In all my interactions so far, I’ve noticed a ratio of about 1:10 between women and men leaders. Why is this discrepancy there?
This discrepancy is definitely worrisome and something we need to address together. I completely agree with your data point. If you look at cities like Bangalore, Mumbai, or Delhi, there is an equal proportion of male and female students in classrooms. Companies in these cities also maintain diversity. However, in Tier 2 cities, college-level diversity is a problem. Even then, the proportion isn’t as bad; it might be around 40% to 60% female representation. In Tier 2 cities, women often don’t attend college or choose certain fields.
As women progress in their careers, they face various personal milestones, such as marriage, childbirth, and elderly care. Due to societal pressure, it’s usually the woman who has to sacrifice her career, not the male partner. Thus, women naturally fall victim to these lifestyle milestones. So far, companies haven’t done much to address this issue.

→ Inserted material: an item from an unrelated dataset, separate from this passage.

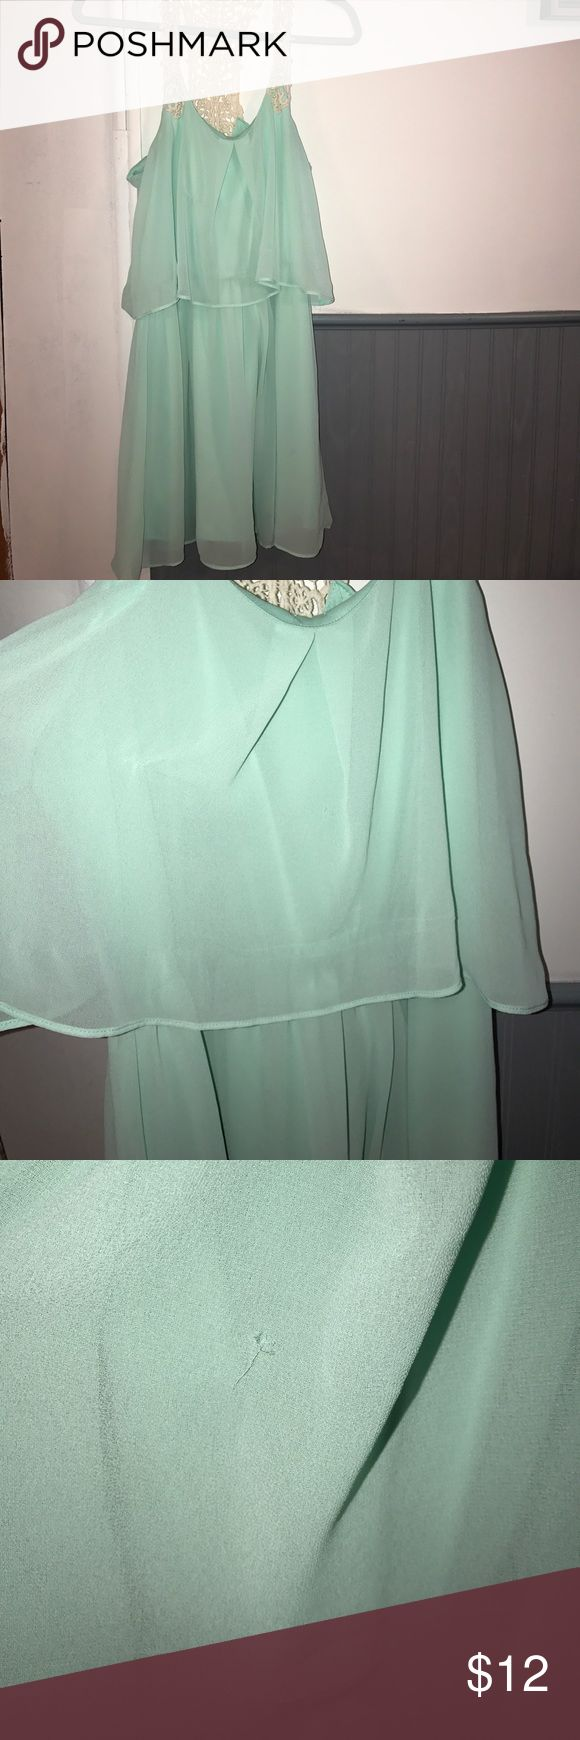 Light blue dress Light blue chevron dress Dresses

Today, companies are realising the benefits of diversity and are putting practices in place to support women during these critical milestones. For example, they are providing extended maternity leave, work-from-home options, and even sponsoring nannies for up to three years. There are also benefits related to elderly care, with work-from-home being a common solution. Companies are also starting to sensitise men to support diversity.
We’re on a positive trend now, though the changes won’t happen overnight. Considering an average career spans 20 to 30 years, it will take a couple of decades for the current changes to significantly impact the final diversity equation. However, the situation is already improving.